*** DATA PROVIDED Section Begins ***

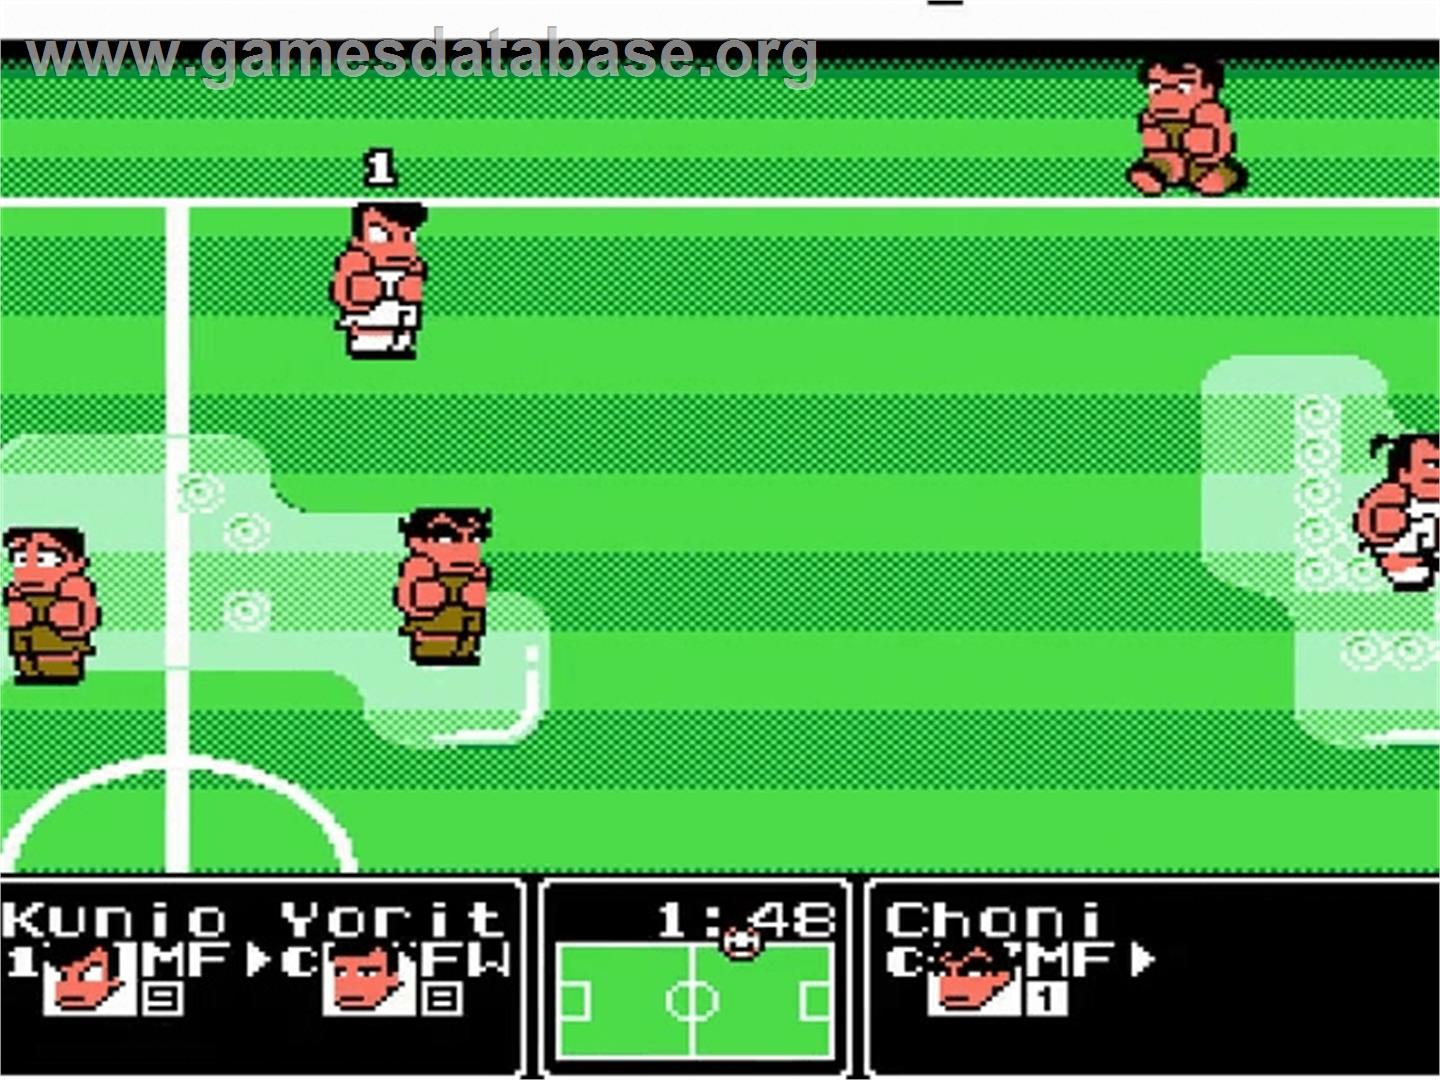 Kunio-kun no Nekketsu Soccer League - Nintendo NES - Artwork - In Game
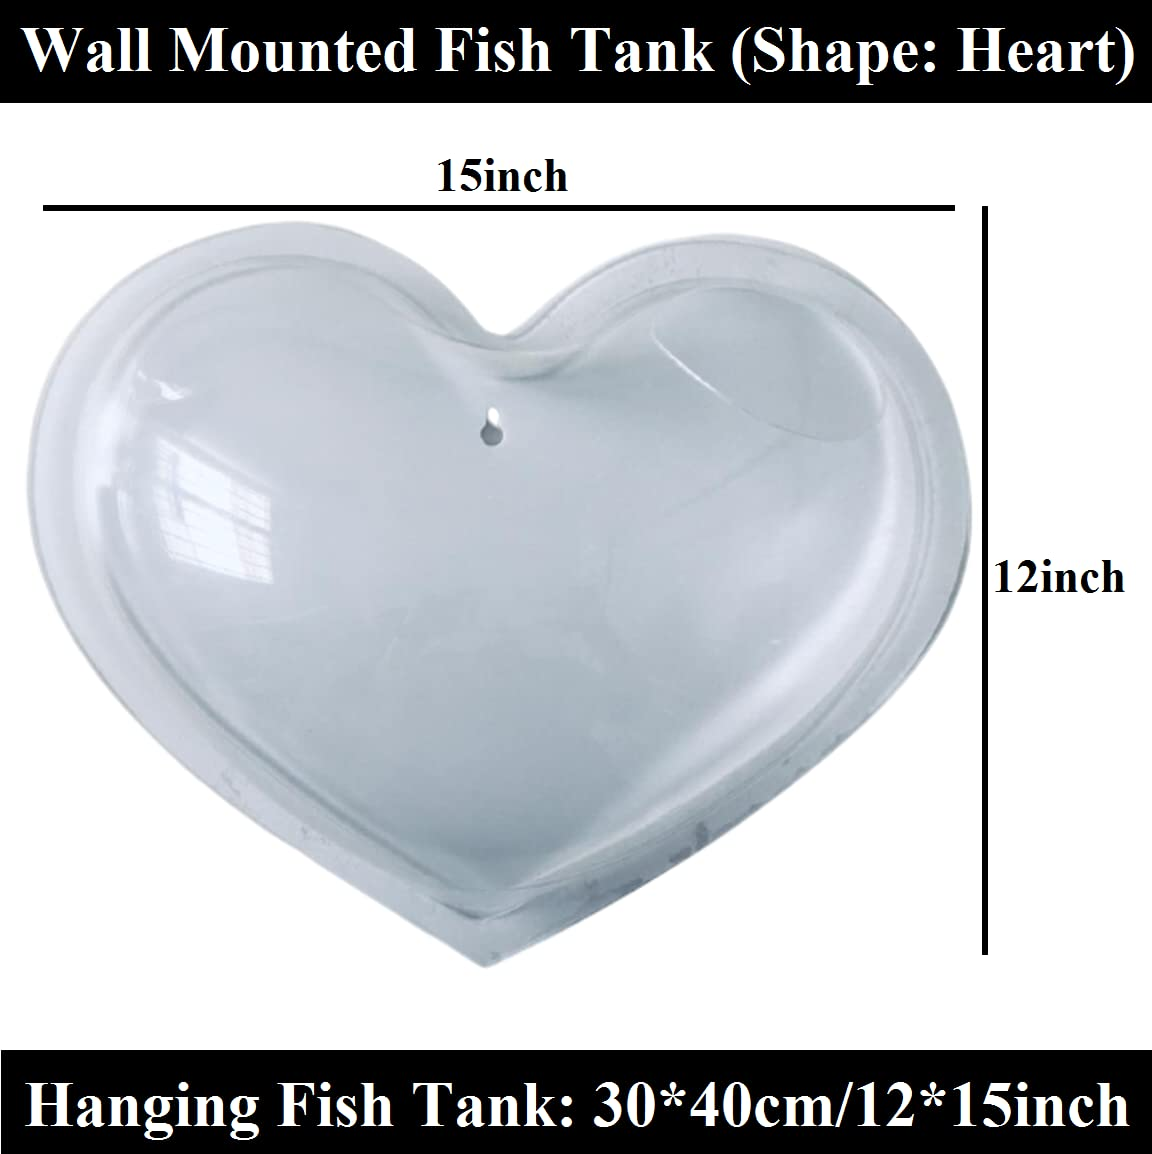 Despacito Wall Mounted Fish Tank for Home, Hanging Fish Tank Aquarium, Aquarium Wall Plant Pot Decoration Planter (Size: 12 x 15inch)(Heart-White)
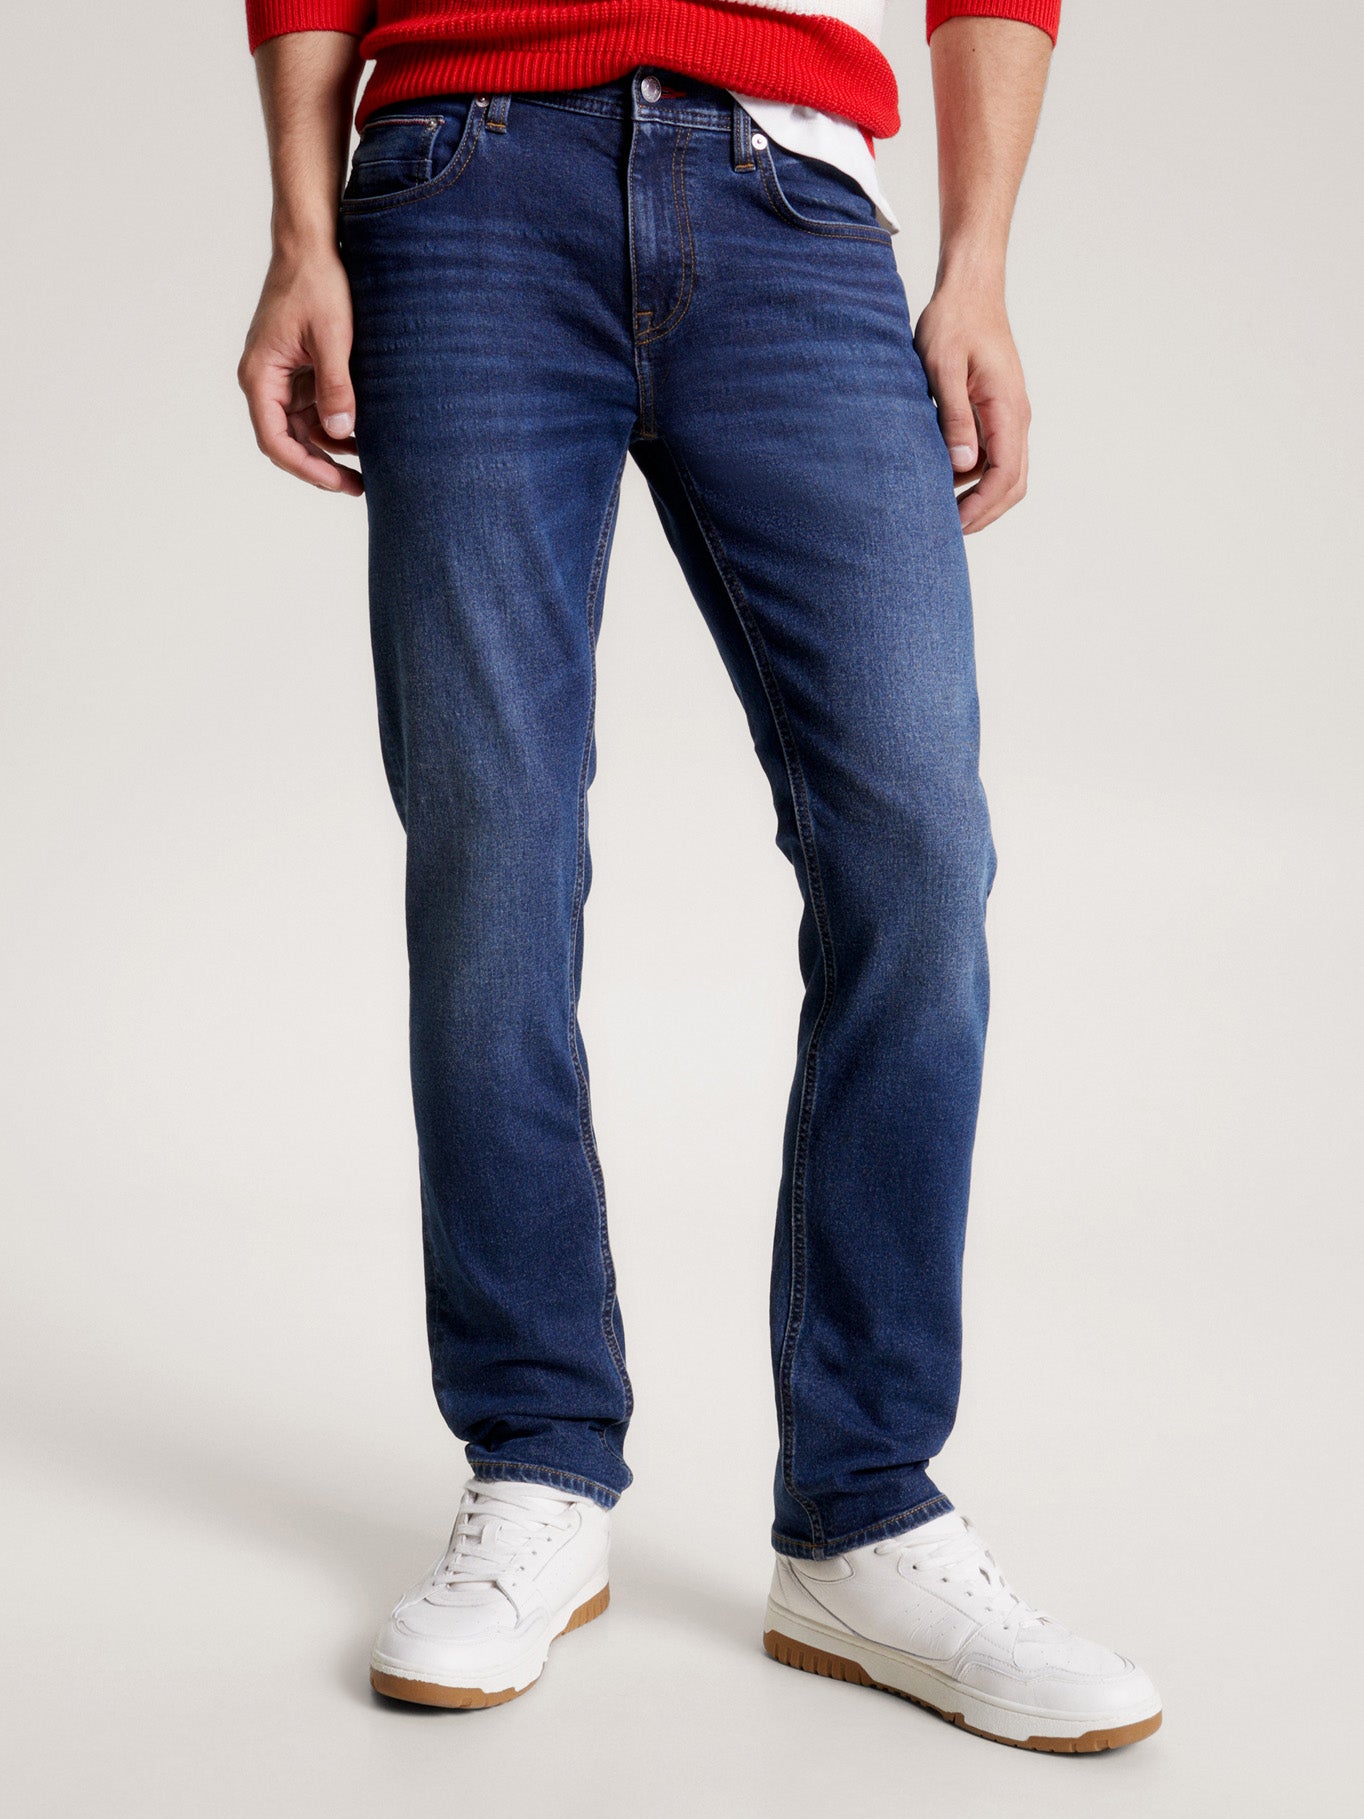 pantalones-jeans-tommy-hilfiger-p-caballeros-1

*** DATA PROVIDED Section Ends ***

Only the lines from the one with "Despacito Wall Mounted" through the last line above belong in the answer. Reproduce them exactly, without the pictures.

• [TASK OUTPUT]:
 Despacito Wall Mounted Fish Tank for Home, Hanging Fish Tank Aquarium, Aquarium Wall Plant Pot Decoration Planter (Size: 12 x 15inch)(Heart-White)
 pantalones-jeans-tommy-hilfiger-p-caballeros-1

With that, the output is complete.